$150 Mask Fools iPhone X Facial Recognition

$150 Mask Fools iPhone X Facial Recognition

The trouble with facial recognition is that too many humans have defining characteristics that can not be dissected by a machine-we look too similar. Bkav admits this openly in a Q & A on its hack, noting that "Potential targets shall not be regular users, but billionaires, leaders of major corporations, nation leaders and agents like Federal Bureau of Investigation need to understand the Face ID's issue". "The skin was also hand-made to trick Apple's Artificial Intelligence", Bkav said in a blog post.

The Bkav researchers say they were able to crack Face ID with a cheap mix of materials, 3D printing rather than face-casting, and perhaps most surprisingly, fixed, two-dimensional printed eyes.

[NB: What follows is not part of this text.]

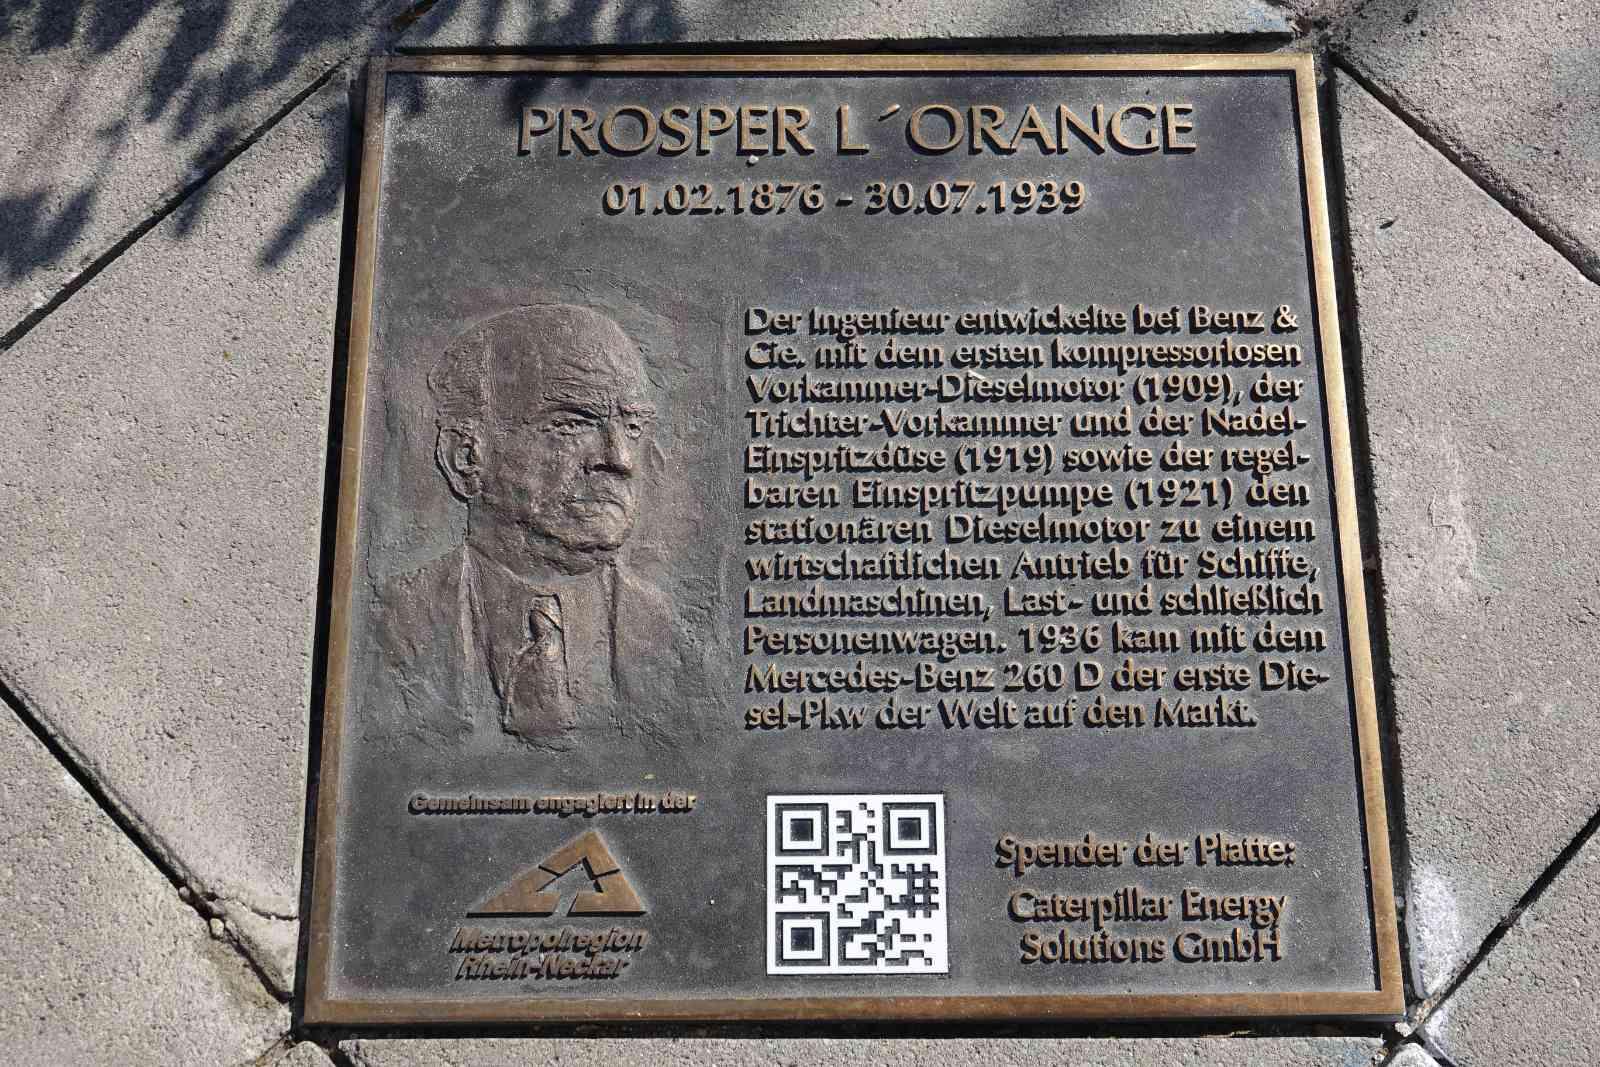 Bronze plaque for the engineer Prosper L'Orange in Mannheim

We also still don't know how legitimate Bkav's claims really are. If you still find yourself in a situation where law enforcement agencies might attempt to get your iPhone X unlocked, you can disable the Face ID technology by pressing the lock button five times. "It continues to be 1 in a million probability of a random person unlocking your iPhone with Face ID", in a statement. The video shows Face ID working in one try, too, although it's not clear, how many false attempts Bkav had before producing a mask that worked smoothly.

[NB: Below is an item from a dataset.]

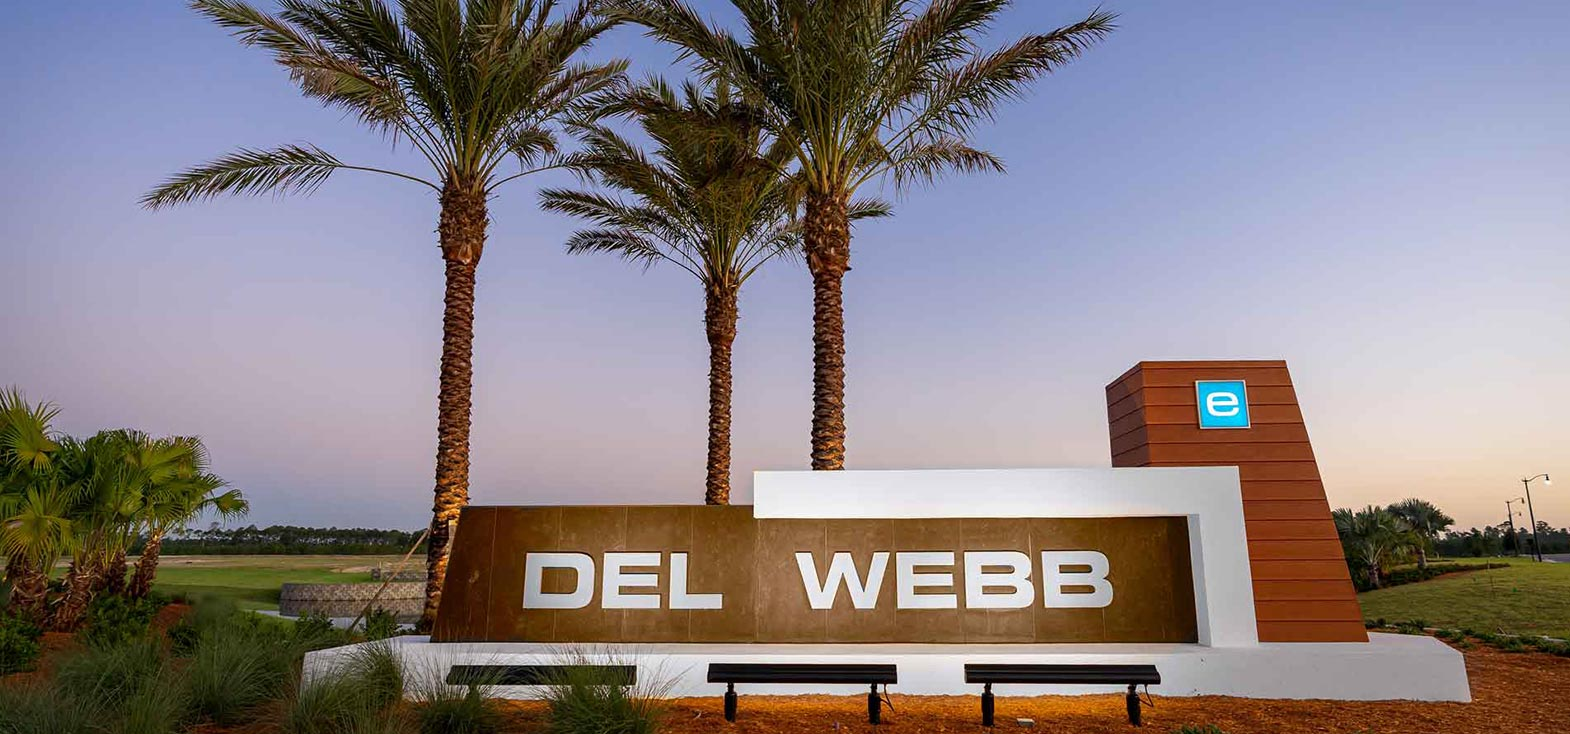 Del Webb eTown sign

BKAV, which built a reputation on fooling facial recognition, quickly touted toppling Face ID, writing that Apple didn't have enough "scientific and serious estimation before deciding to replace Touch ID with Face ID".

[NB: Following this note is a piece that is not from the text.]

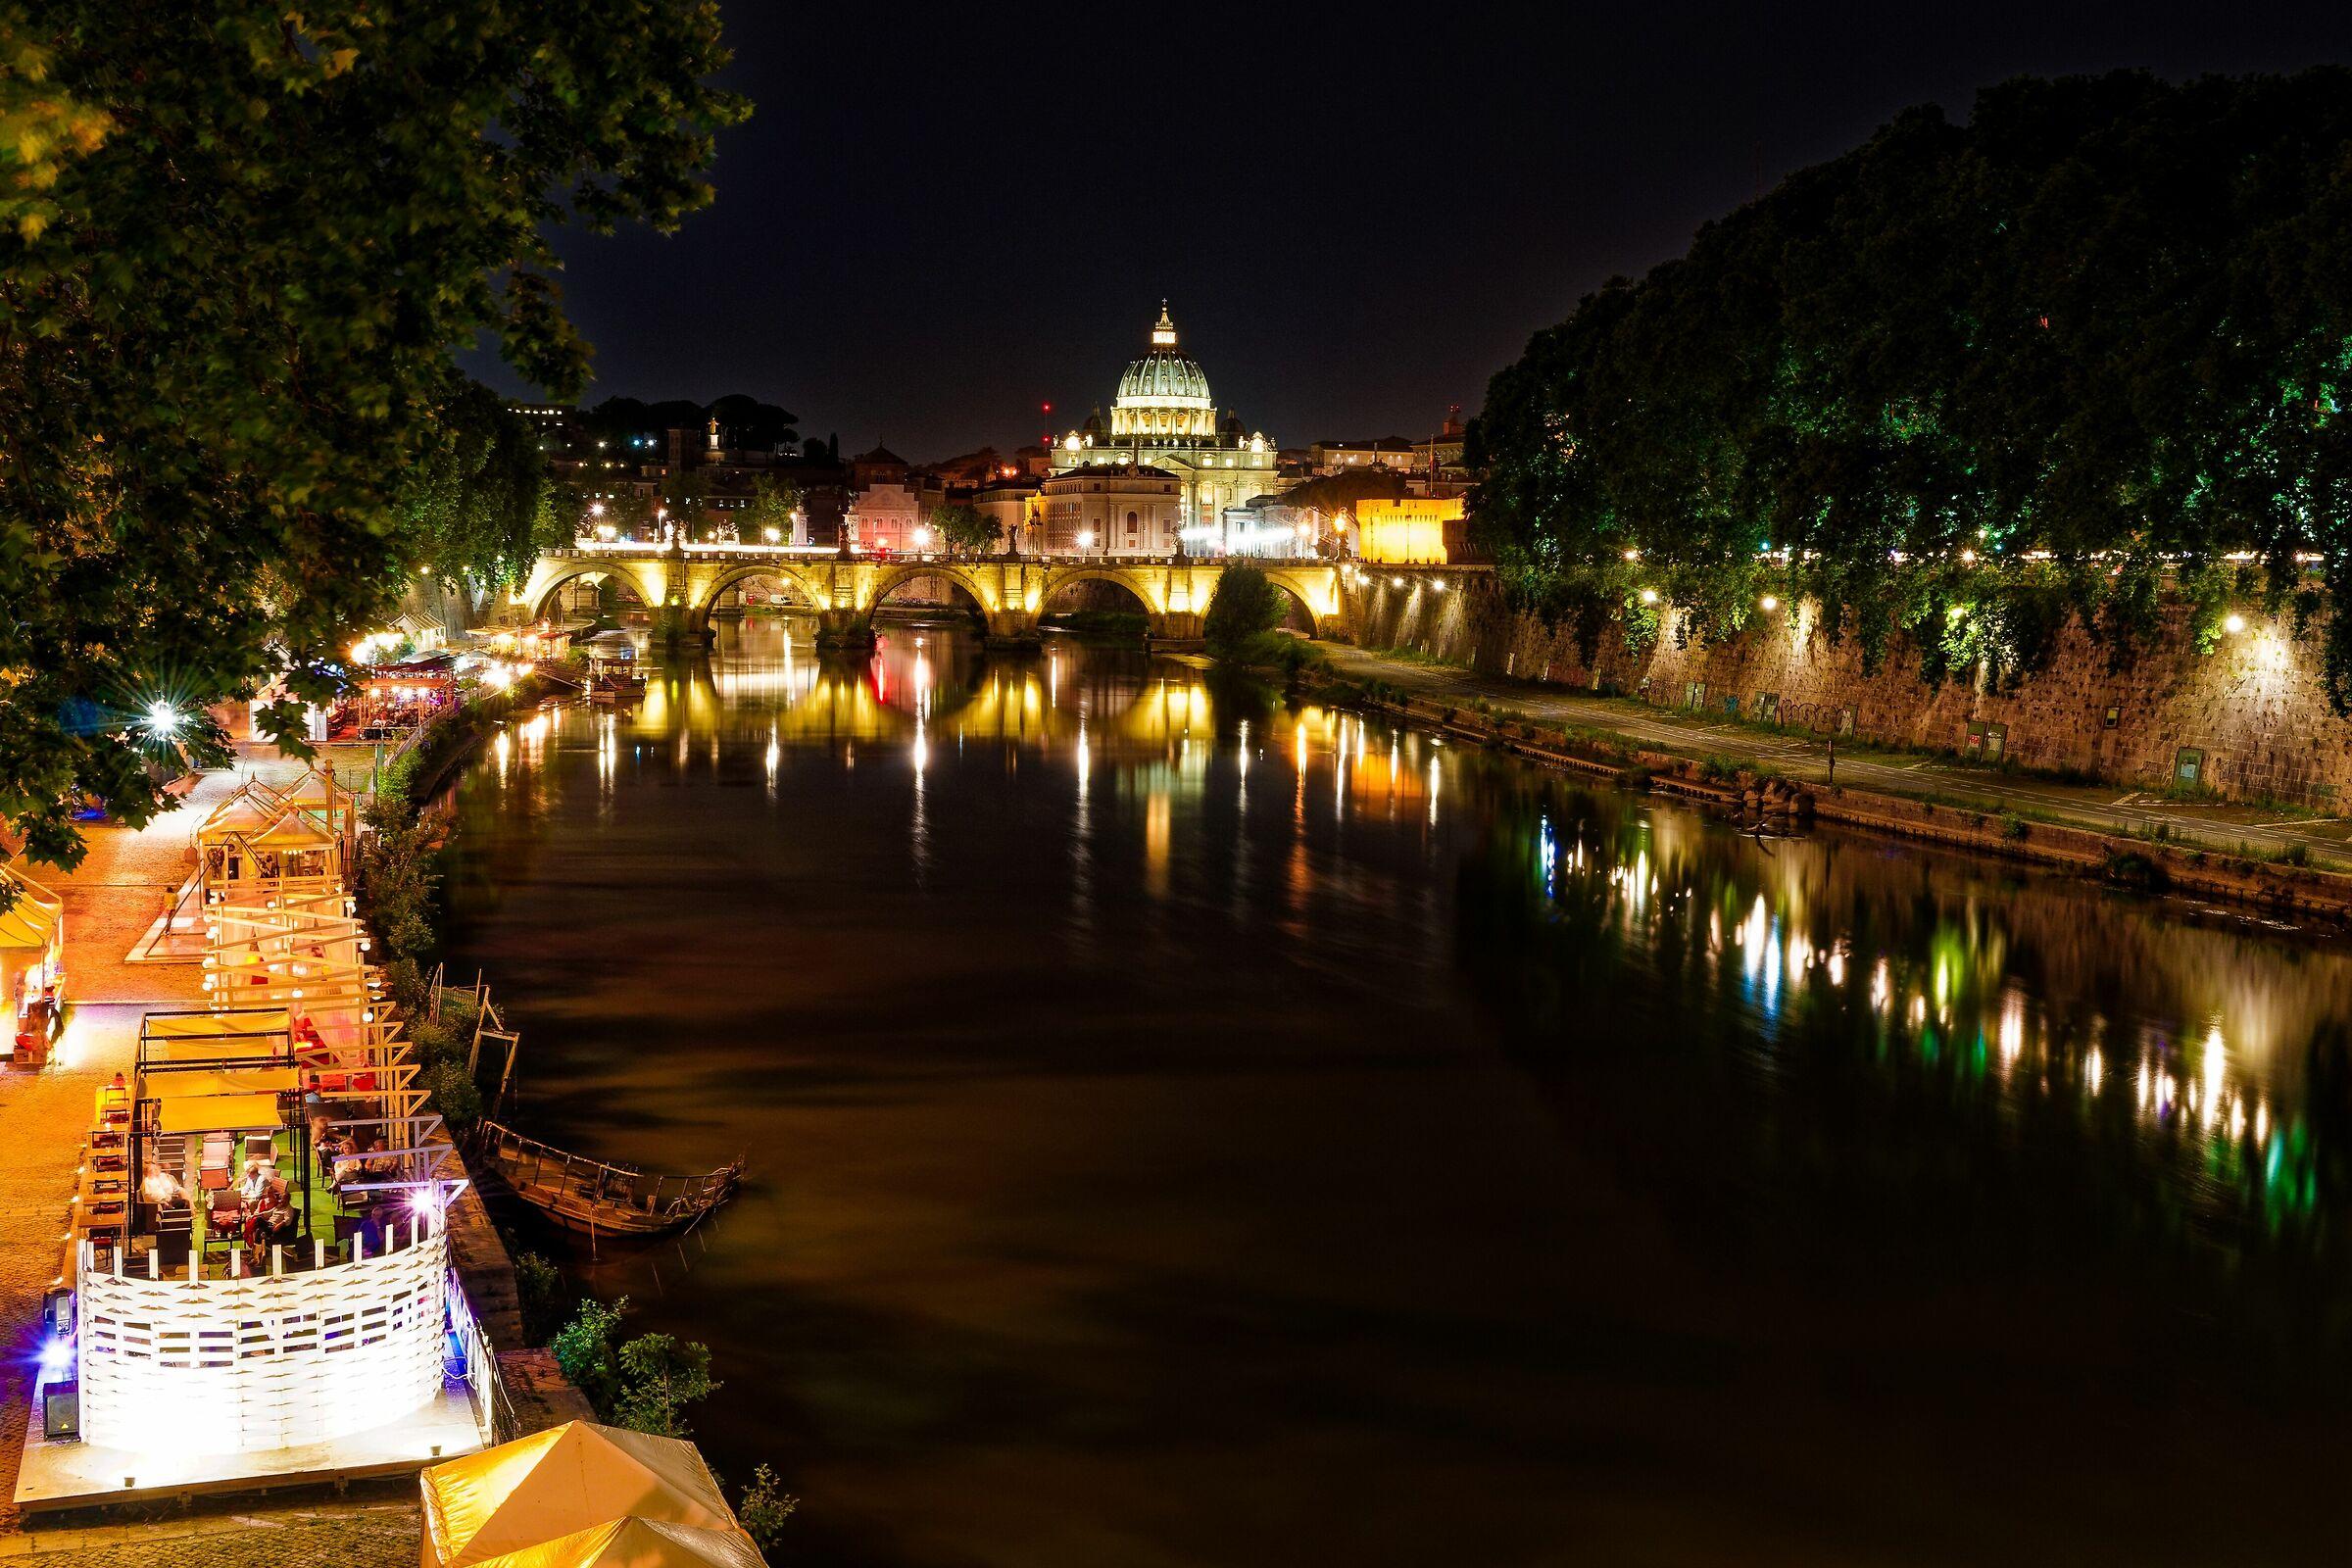 St. Peter's night...

Face ID allows users to unlock their iPhone X by looking at it, then make purchases from the Apple store or conduct other Apple Pay transactions using stored payment card data. In fact, during the iPhone X launch event at the Steve Jobs Center, Tim Cook even joked that unless an iPhone X user has an evil twin, he will have no reason to worry about his security. Face ID is even attention-aware.

The new technology has passed nearly all the security tests with flying colours; until a security firm called Bkav allegedly created a mask to beat the FaceID. The mask is claimed to have cost around $150 to make, which seems cheap when you consider the effort and vast resources Apple put into developing the $999 iPhone X and its Face ID system. And the mask isn't exactly a work of art-Bkav, which has a history of breaking through facial recognition security, just Frankensteined parts together until the phone unlocked.

Bkav researchers began testing Face ID as soon as the iPhone X was released to them last week.

Ultimately, the company thinks this probably means that regular iPhone X users aren't at a high risk of having their phone hacked into by mischievous intruders armed with 3D printers and fake noses.